9. A compound of formula (I) according to any one of claims 1 to 8, selected from the group consisting of

Or a solvate or pharmaceutically acceptable salt thereof.

10. A compound according to any one of the preceding claims for use as a medicament.

11. A compound according to any one of claims 1 to 10 for use in the prevention and/or treatment of a disease, disorder, therapeutic indication or medical condition suitable for treatment with a DHODH inhibitor.

12. The compound for use according to claim 11, wherein said disease, disorder, therapeutic indication or medical condition is selected from the group consisting of rheumatism, acute immune disorders, autoimmune diseases, diseases caused by malignant cell proliferation, inflammatory diseases, diseases caused by protozoal infections in humans and animals, diseases caused by viral infections and pneumocystis carinii, fibrosis, uveitis, rhinitis, asthma, transplantation or arthrosis.

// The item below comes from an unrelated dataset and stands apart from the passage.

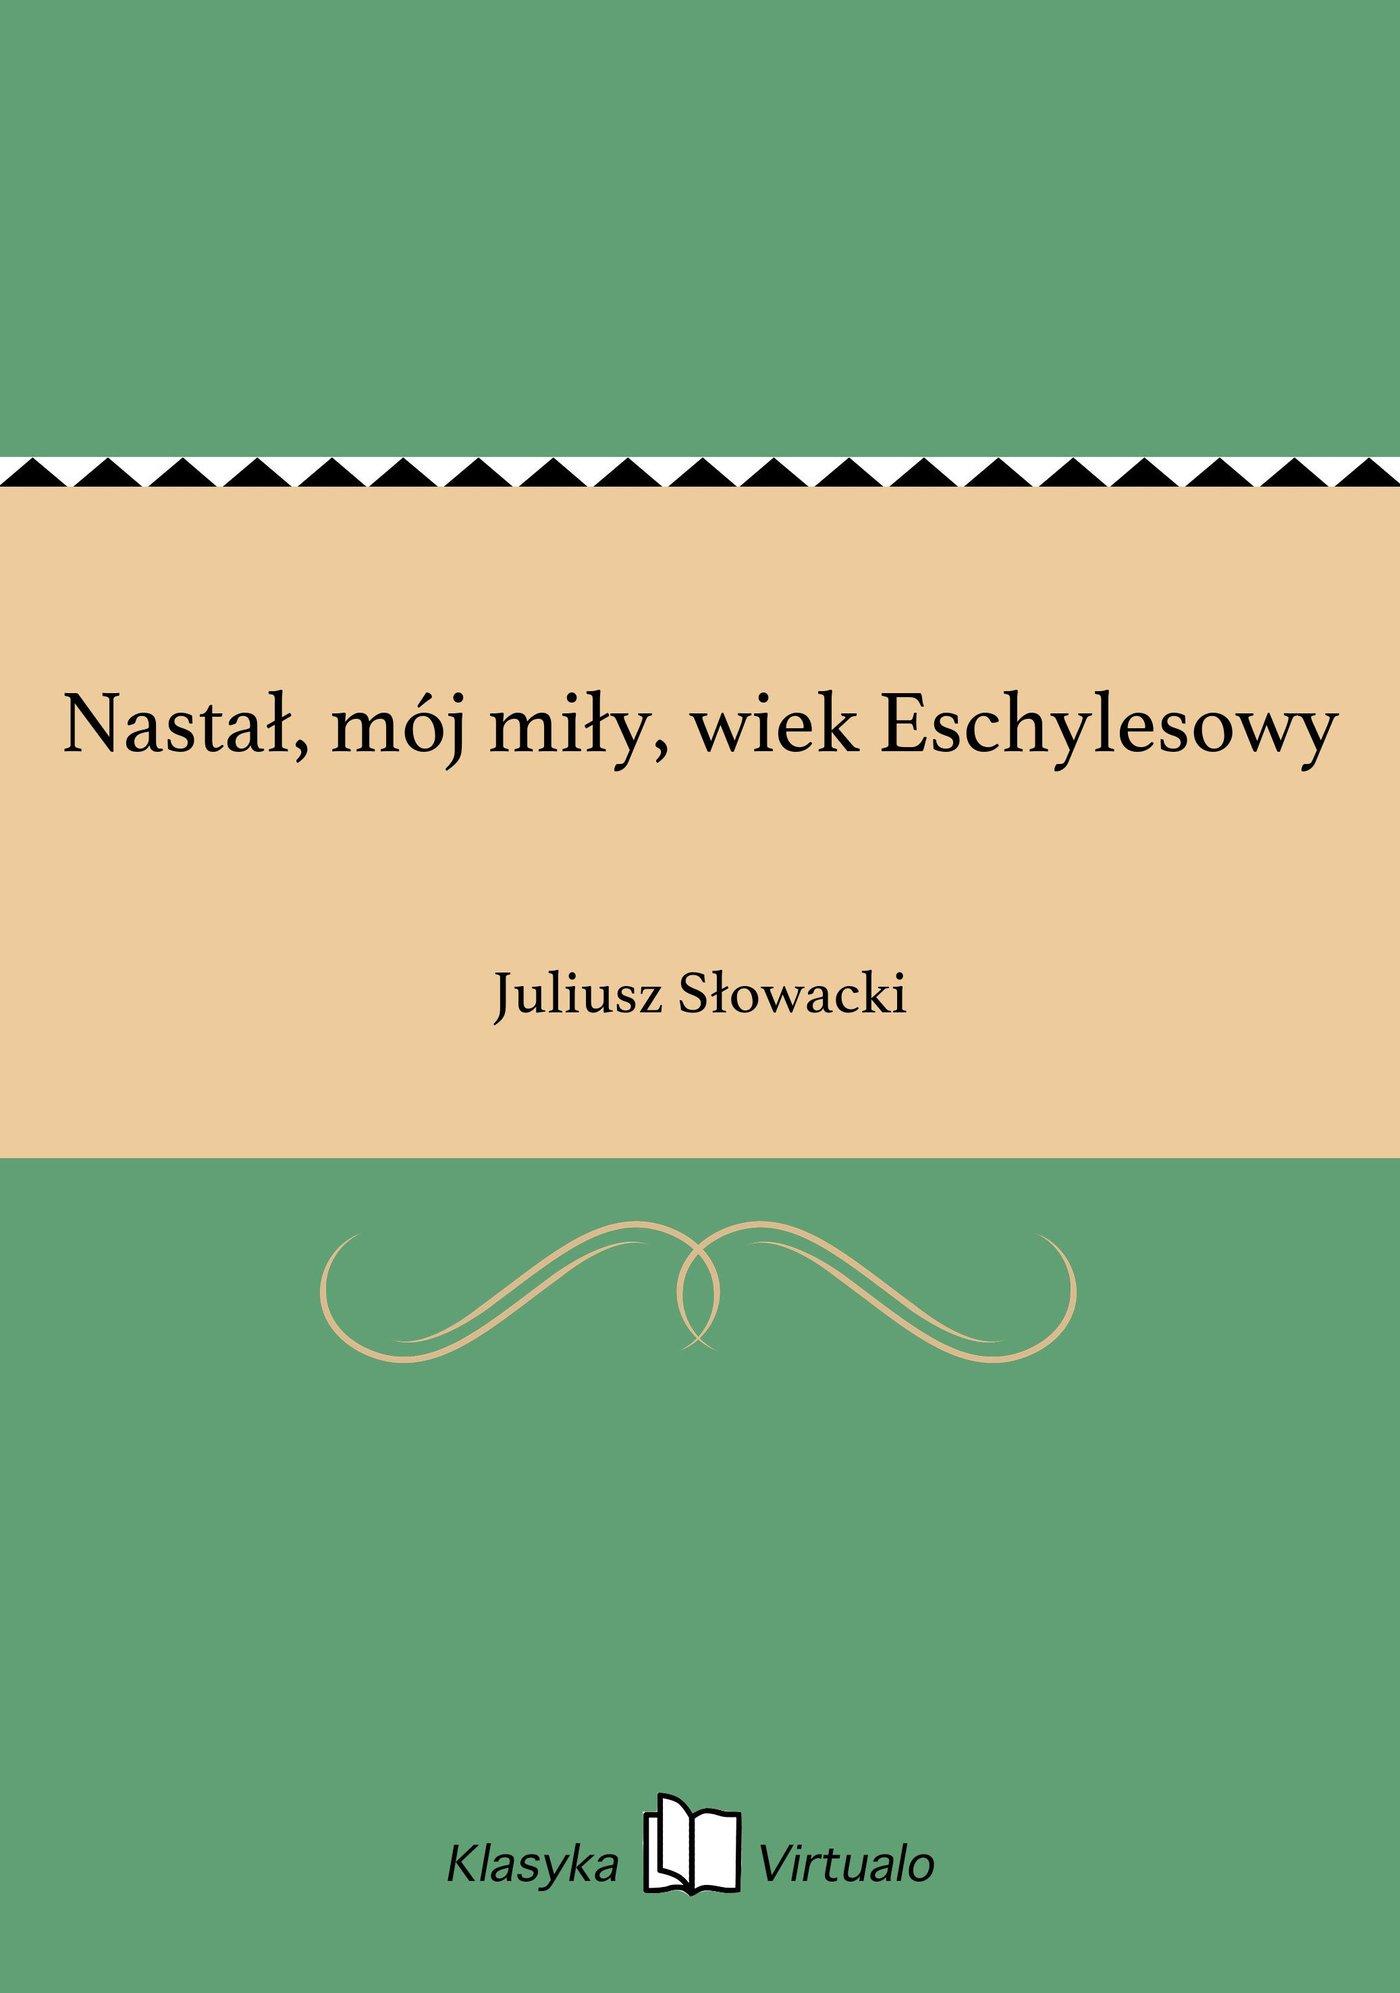 Nastał, mój miły, wiek Eschylesowy - Ebook (Książka EPUB) do pobrania w formacie EPUB

13. A compound for use according to claim 12, wherein the disease, disorder or therapeutic indication is selected from graft versus host and host versus graft response, rheumatoid arthritis, multiple sclerosis, amyotrophic lateral sclerosis, lupus erythematosus, inflammatory bowel disease, cancer, covd-19, influenza, ulcerative colitis, crohn's disease, primary sclerosing cholangitis and psoriasis.

14. A pharmaceutical composition comprising a compound according to any one of claims 1 to 9 and a pharmaceutically acceptable carrier or excipient.

15. The pharmaceutical composition of claim 14, further comprising one or more additional therapeutic agents selected from the group consisting of antiviral agents, anti-inflammatory agents, immunosuppressants and/or immunomodulators, compounds of the family, non-family anti-inflammatory agents, antihistamines, analgesics, and suitable mixtures thereof.